Monday, April 13, 2015

2015 Navajo Oral History Project begins in about 30 days

Eleven students from the Mass Communication Department at Winona State University are getting close to wrapping up their spring semester and then will embark on a summer journalism effort known as the Navajo Oral History Project.

The WSU students will travel to the Navajo Nation where they will stay for three weeks. The WSU students will be put into small teams with students from Diné College of the Navajo Nation. The college student groups will provide a service project for a Navajo elder, and then will interview the elder three times. Students will research the elder, and interview them, plus audio record, video record and photograph the interviews. Then, students will transcribe the interviews, write scripts proofread, edit and produce documentary films focused on the lives of the elders.

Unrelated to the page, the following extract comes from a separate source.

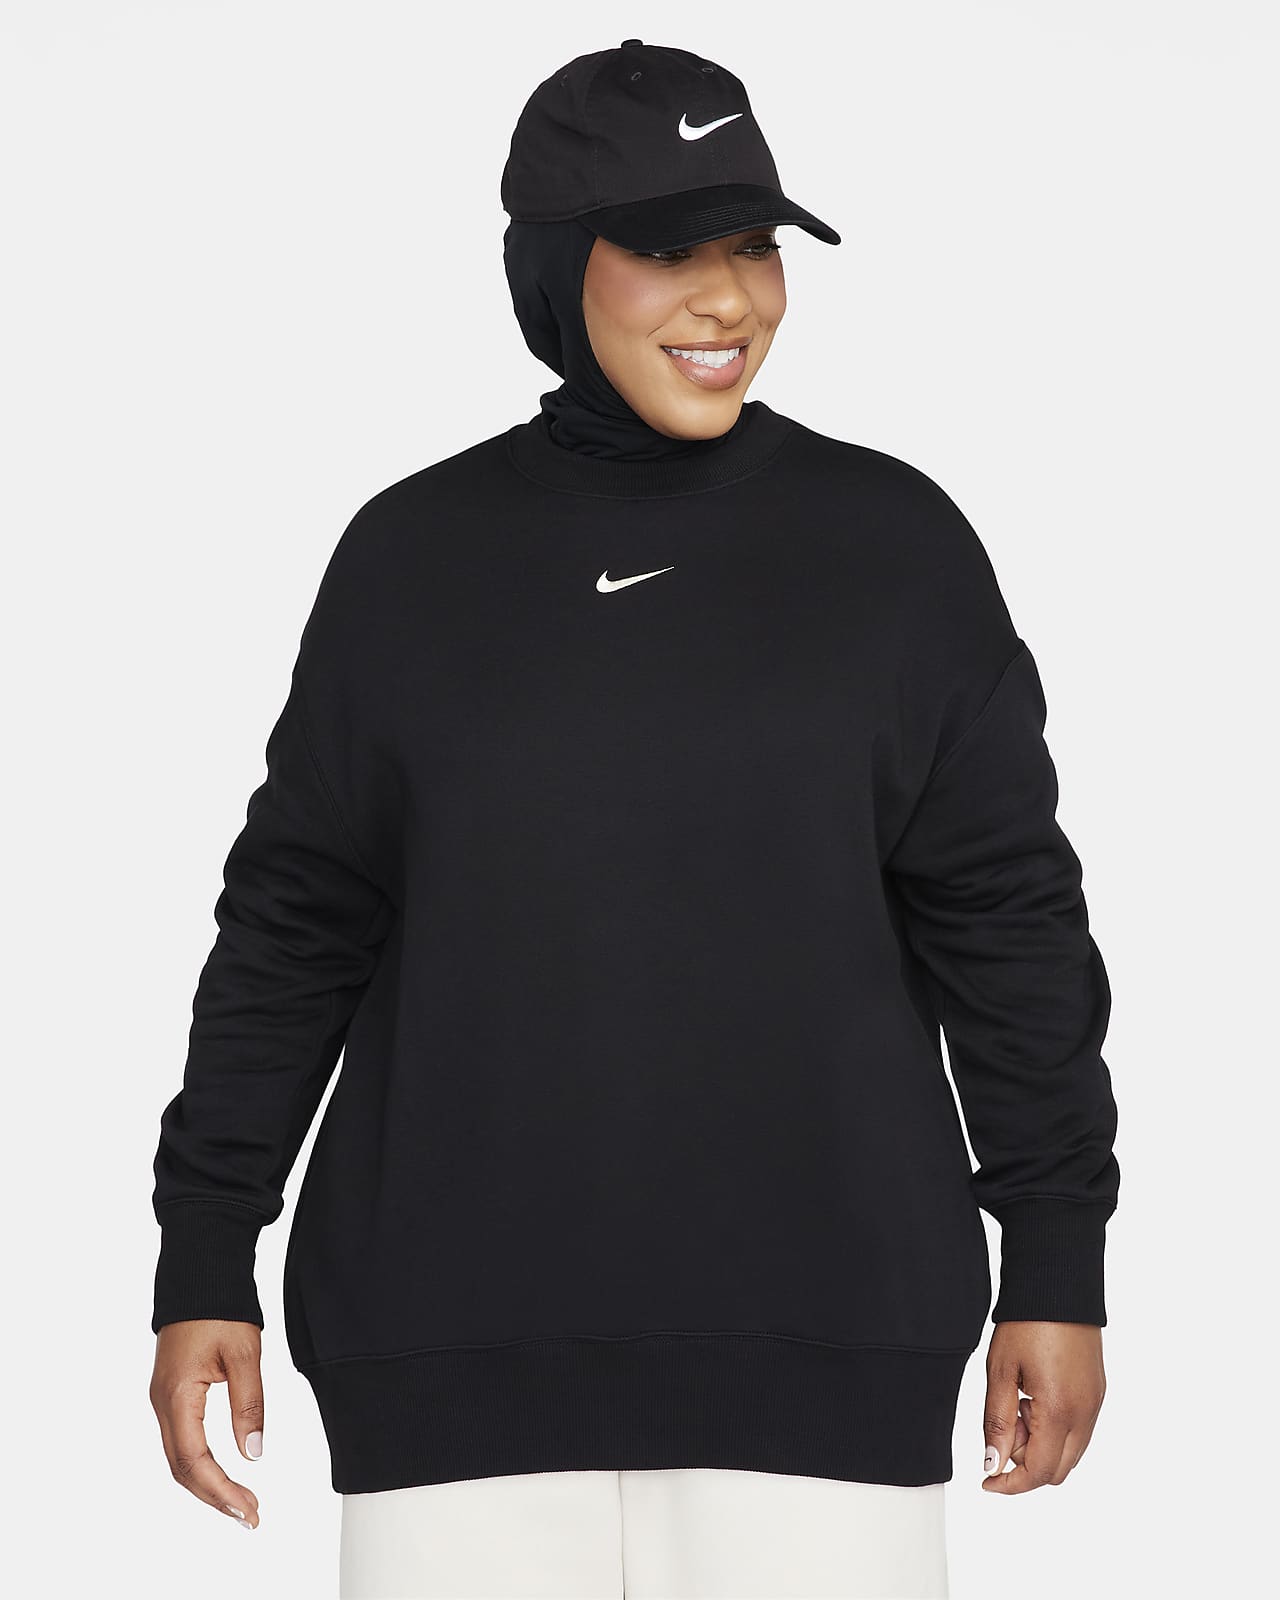 Nike Sportswear Phoenix Fleece Bol Kesimli Sıfır Yaka Kadın Sweatshirt'ü
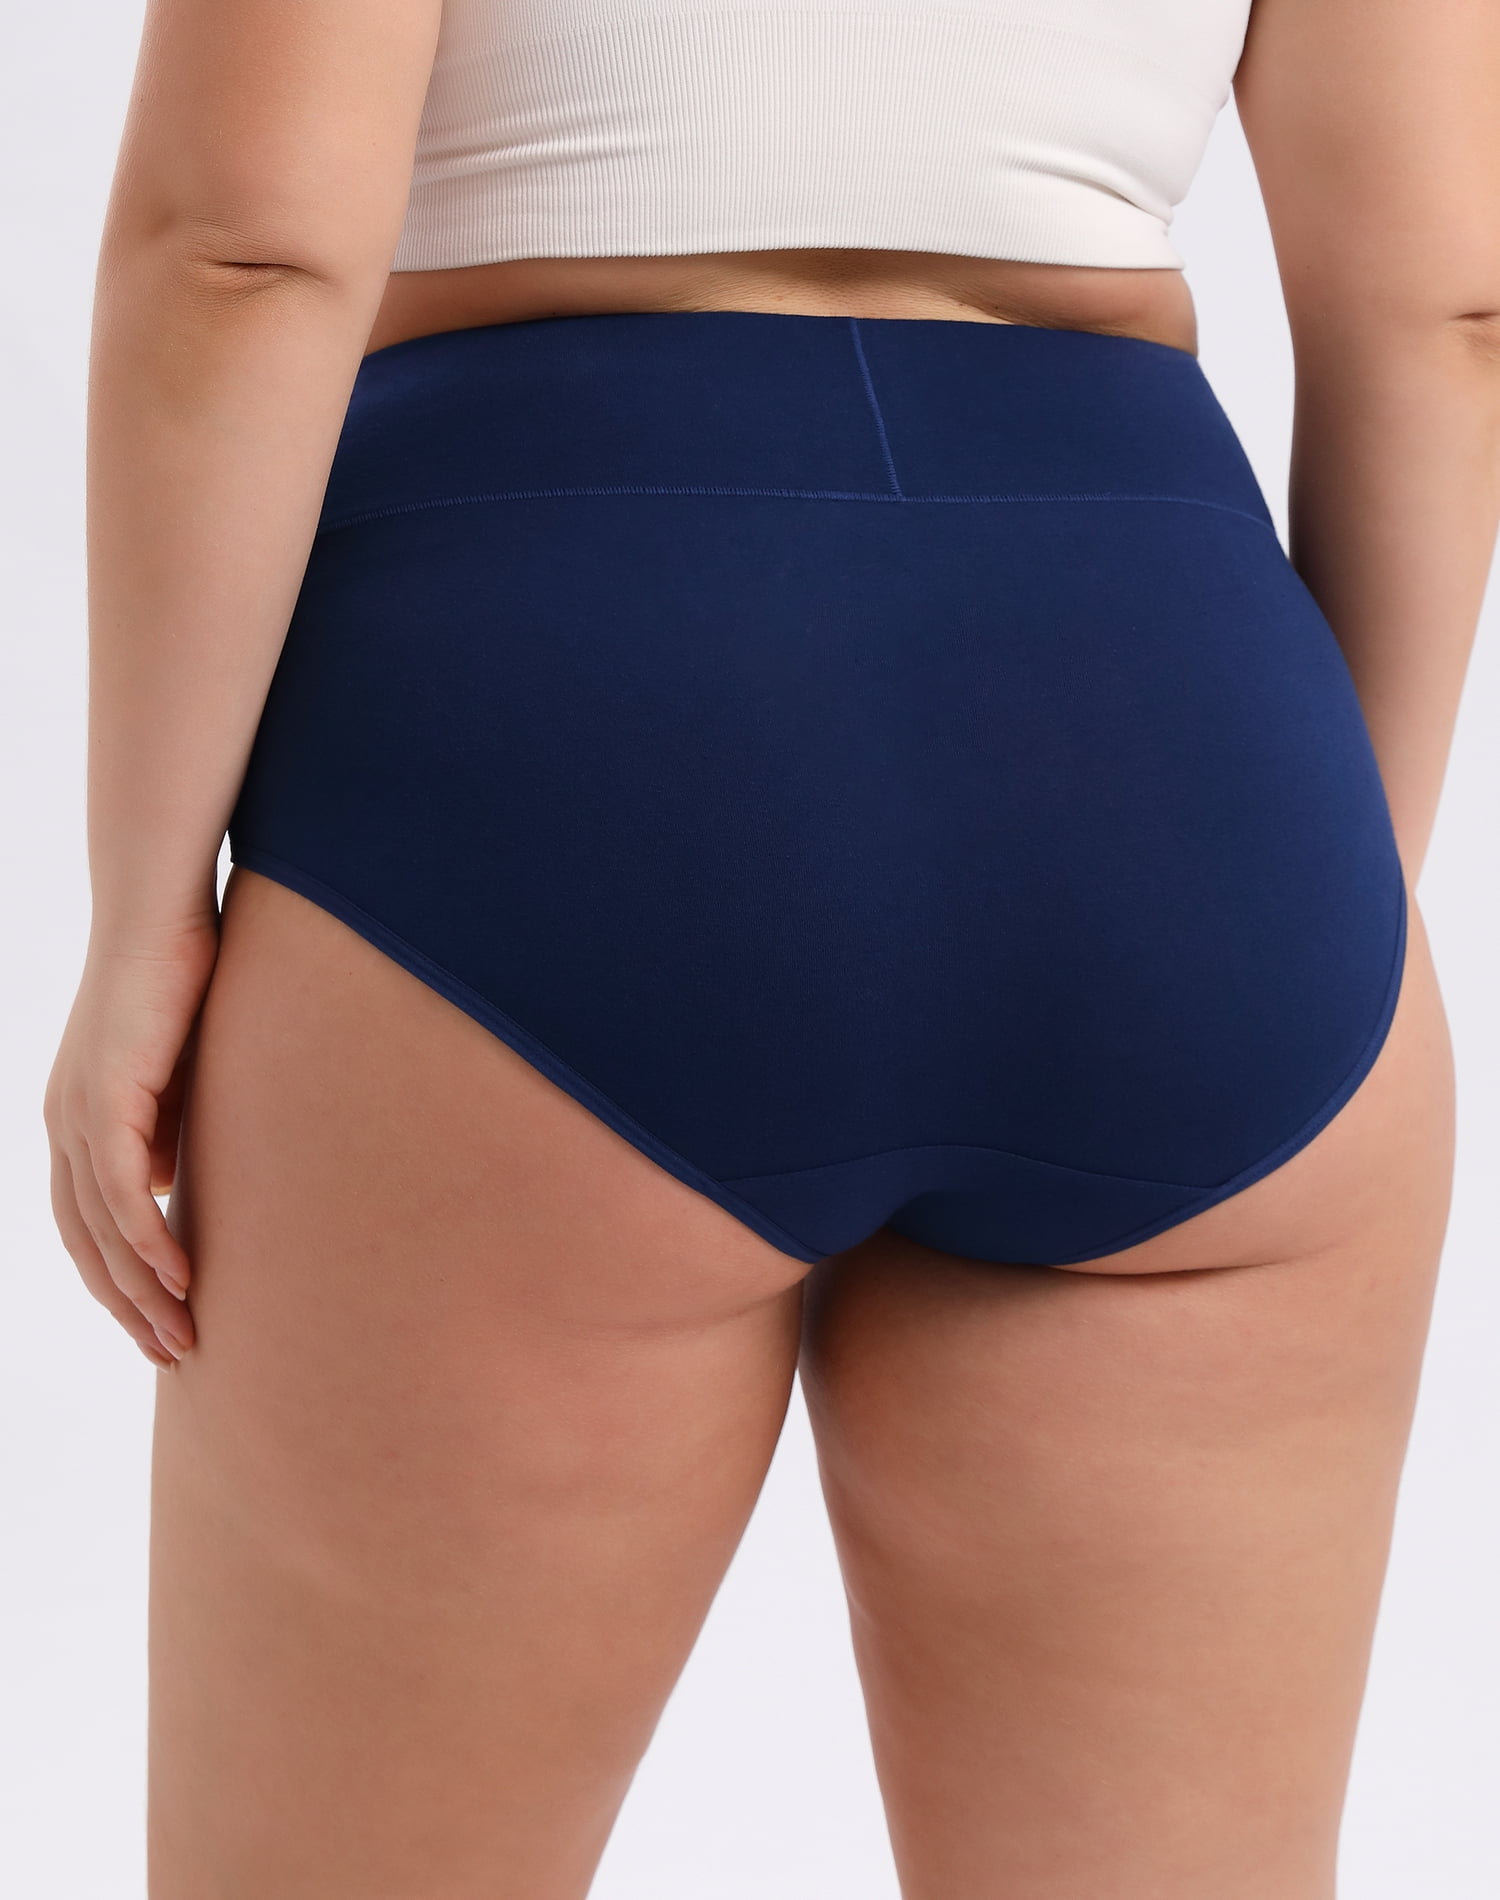 INNERSY Women's Plus Size XL-5XL Cotton Underwear High

This is the sixth year of the Navajo Oral History Project.

At the end of summer, the finished documentary films will be archived at the Navajo Nation Museum and Library, the Libraries at both Winona State University and Diné College, and, perhaps most impressively, at the Smithsonian Institution's National Museum of the American Indian.

See the previous Blog entry (dated Feb. 27, 2015) for a list of the WSU students participating in this project.  As the class gets started in May, the rest of the class will be introduced here on the blog, along with photos.

This blog, MassCommuniMania.blogspot.com, will be updated regularly during the operation of the project, starting in Mid-May 2015. The blog will feature articles about each day's activities and will include photographs of the students doing their journalism work-- and having fun-- while on the Navajo Nation.  Often the articles and photographs will be by the student journalists involved in the project.